SpikingJET: Enhancing Fault Injection for Fully and Convolutional Spiking Neural Networks
Anil Bayram Gogebakan, Enrico Magliano, Alessio Carpegna, Annachiara Ruospo, Alessandro Savino, Stefano Di Carlo
TL;DR
SpikingJET tackles the challenge of evaluating the reliability of Spiking Neural Networks under hardware faults during inference. It introduces a simulation-based, non-intrusive fault injector that can inject stuck-at faults across five injection points (weights, membrane decay, threshold, membrane potential, and output spike) and three fault models, within an extensible framework built on open-source SNN tooling.
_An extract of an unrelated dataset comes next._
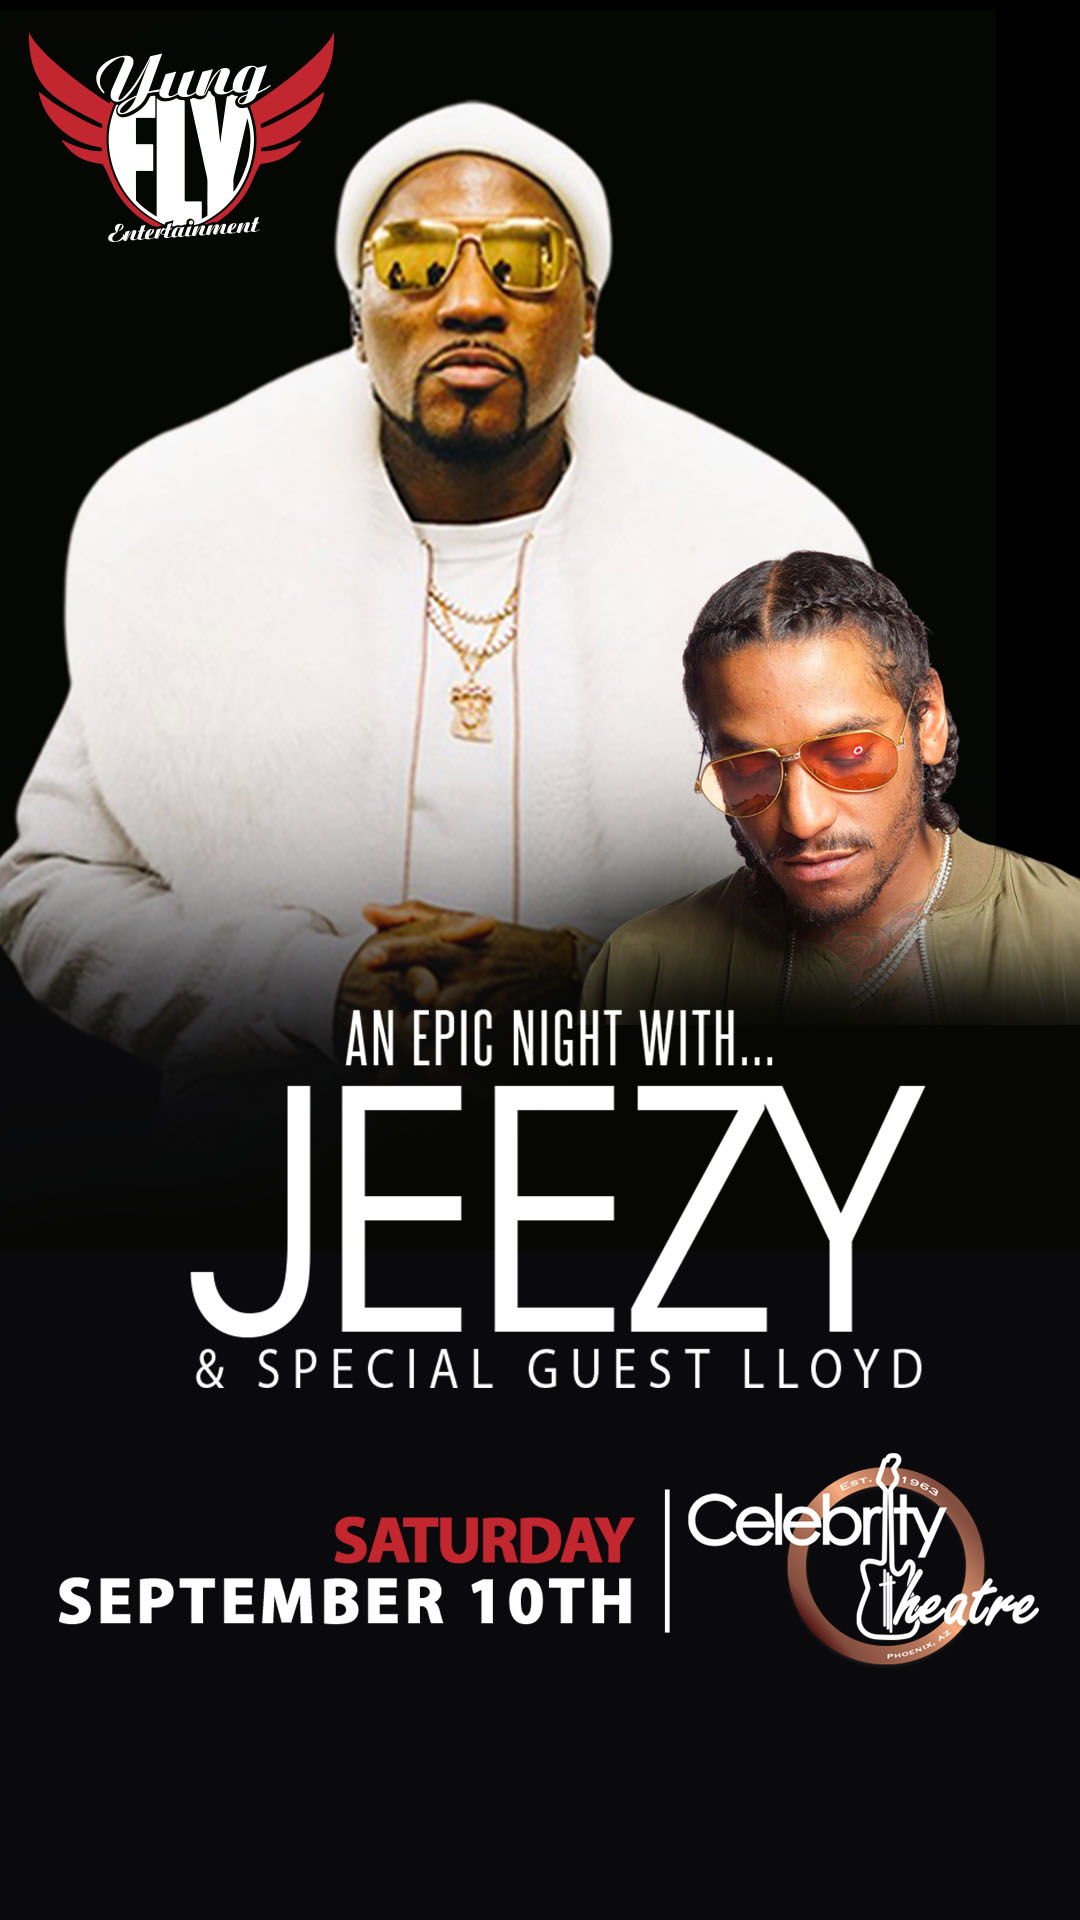 Rapper Jeezy, R&B Singer Lloyd Coming to Phoenix’s Celebrity Theatre on September 10 for an Epic Night
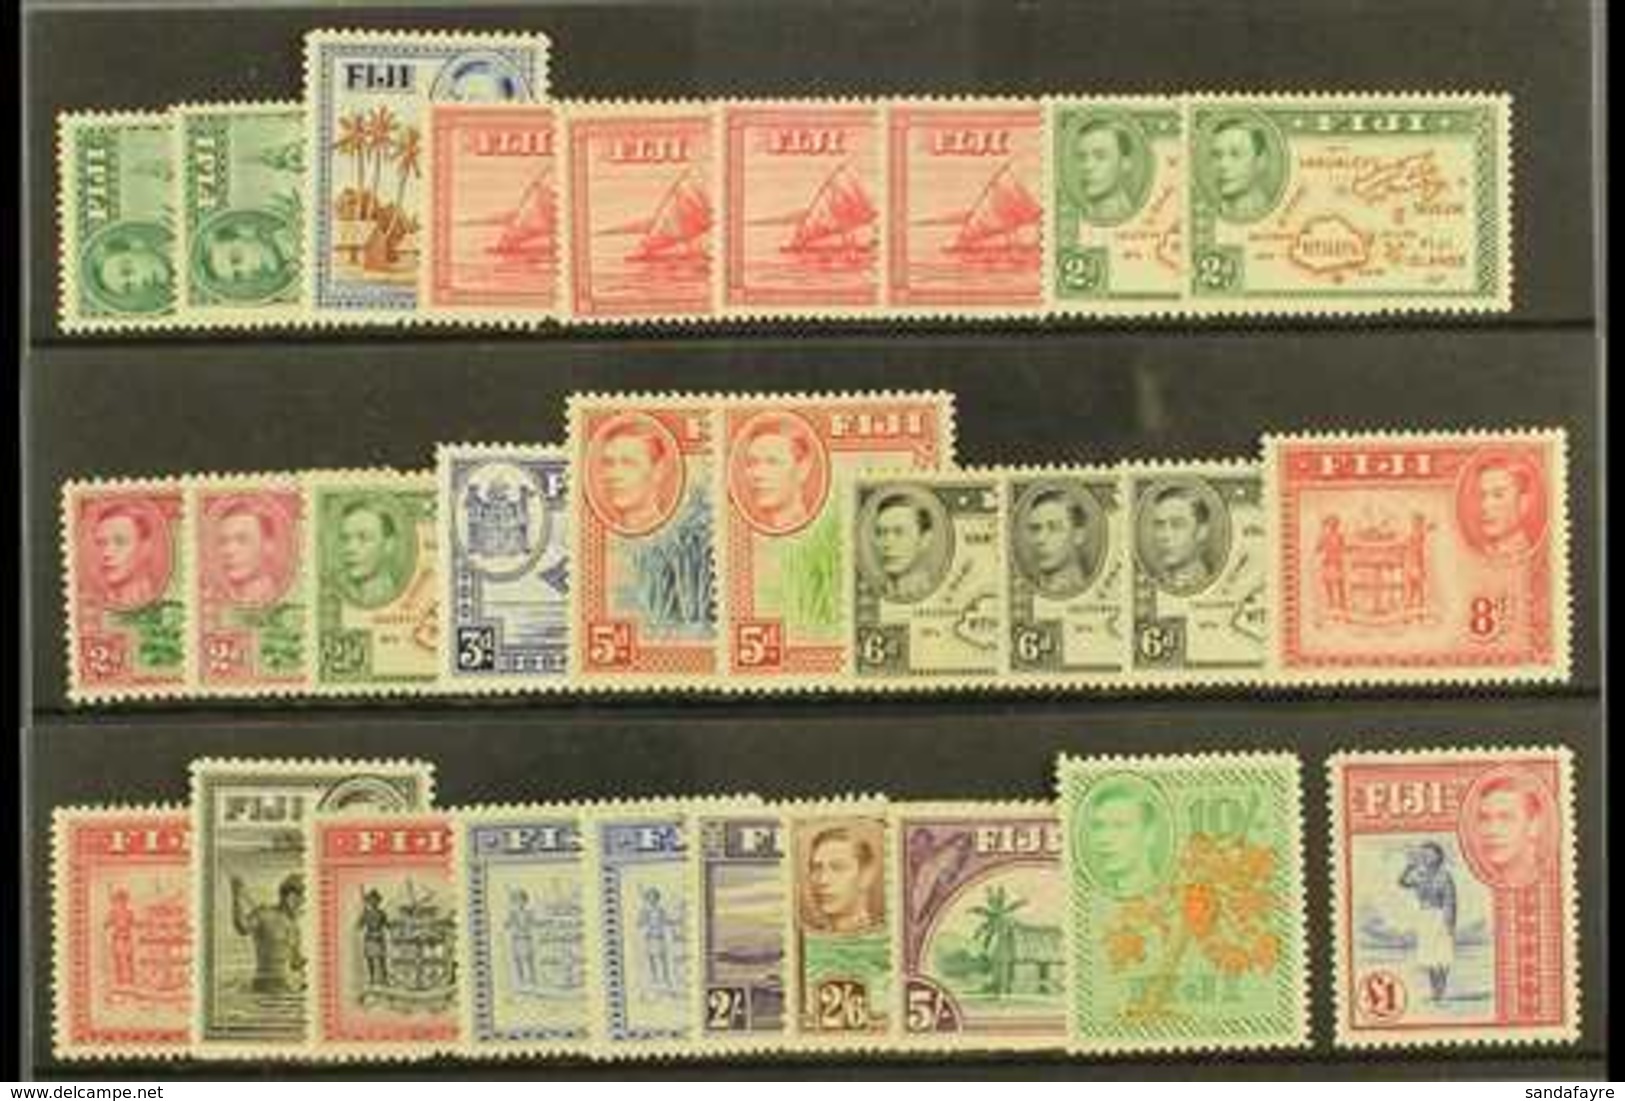 1938-55 Pictorial Definitive Set With 7 "Extra" Perf/Die Variants, SG 249/66b, Mint, Some Issues With Hint Of Tropicaliz - Fiji (...-1970)

Through experiments on N-MNIST, SHD, and DVS128, the approach demonstrates that most faults are masked and that vulnerability tends to concentrate in specific layers and parameters, notably those affecting spike timing and thresholds; this highlights where fault-tolerance strategies should be focused. The work provides a practical, scalable method for rapid resilience assessment of SNN-based systems in safety-critical domains, enabling agile exploration of fault scenarios and guiding reliability enhancements.
Abstract
As artificial neural networks become increasingly integrated into safety-critical systems such as autonomous vehicles, devices for medical diagnosis, and industrial automation, ensuring their reliability in the face of random hardware faults becomes paramount. This paper introduces SpikingJET, a novel fault injector designed specifically for fully connected and convolutional Spiking Neural Networks (SNNs). Our work underscores the critical need to evaluate the resilience of SNNs to hardware faults, considering their growing prominence in real-world applications. SpikingJET provides a comprehensive platform for assessing the resilience of SNNs by inducing errors and injecting faults into critical components such as synaptic weights, neuron model parameters, internal states, and activation functions. This paper demonstrates the effectiveness of Spiking-JET through extensive software-level experiments on various SNN architectures, revealing insights into their vulnerability and resilience to hardware faults. Moreover, highlighting the importance of fault resilience in SNNs contributes to the ongoing effort to enhance the reliability and safety of Neural Network (NN)-powered systems in diverse domains.